The earlier suggestions from @chris and @Doug_Duncan are great starting points. Definitely identify whether the query volume is targeting sharded or unsharded collections, and review your queries and data distribution for any sharded collections on the affected shard. If there are many unsharded collections with rep2 as their primary shard, this difference in network traffic may be expected.

Queries for sharded collections are distributed based on the shard key values. Chunks in a sharded collection are balanced based on roughly equal distribution of chunks according to migration thresholds. There are scenarios where a sharded collection may be balanced by policy but still have an unequal distribution of workload. A good choice of shard key will, on average, distribute your workload appropriately.
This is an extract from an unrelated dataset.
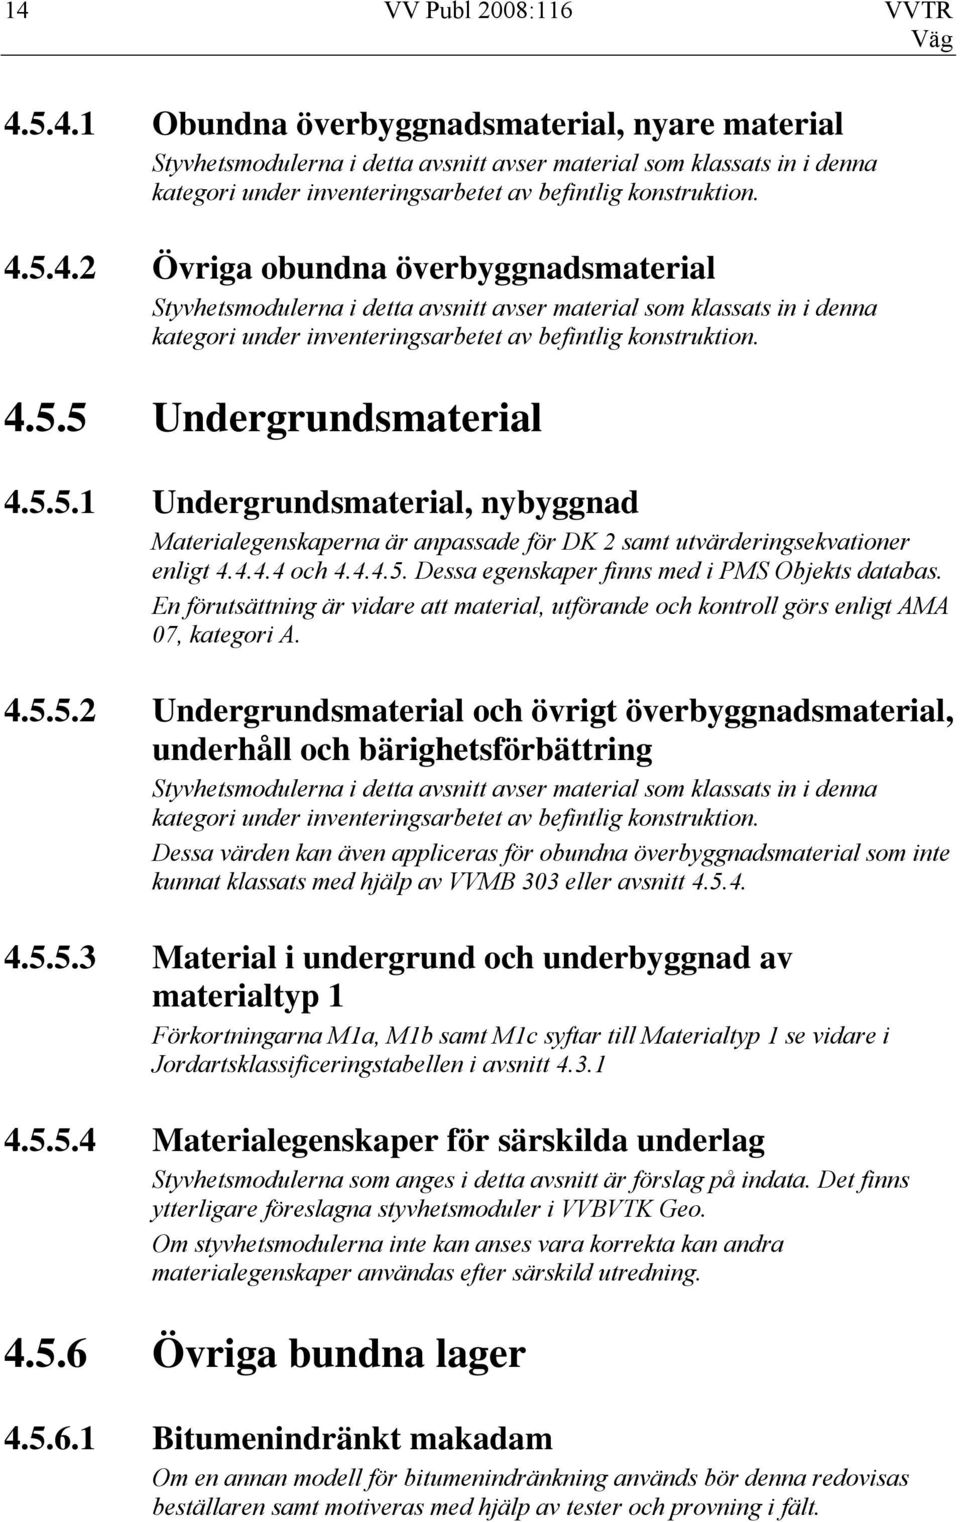 5.5.1 Undergrundsmaterial, nybyggnad Materialegenskaperna är anpassade för DK 2 samt utvärderingsekvationer enligt 4.4.4.4 och 4.4.4.5. Dessa egenskaper finns med i PMS Objekts databas.

Some other considerations for balancing:

  • Assuming the disproportionate queries are for sharded collections, check if these collections have any jumbo chunks – if so, these will show as jumbo in the output of sh.status(true) . Jumbo chunks are considered too large to move and ignored by the balancer. Jumbo chunks can sometimes be manually divisible, but are usually caused by a poor choice of shard key. See: Clear jumbo Flag .
  • Does the distribution of estimated docs and data per chunk look reasonable based on db.collection.getShardDistribution() and any shard tagging you may be using to influence the balancer policy?
  • Are you deleting documents from sharded collections that might create empty chunks based on your shard key? For example, if your shard key is based on a creation date and you expire or delete old documents there will be older chunk ranges that will never be used for new data. Sparsely populated chunks will not be consolidated automatically, but you can manually merge chunks if appropriate.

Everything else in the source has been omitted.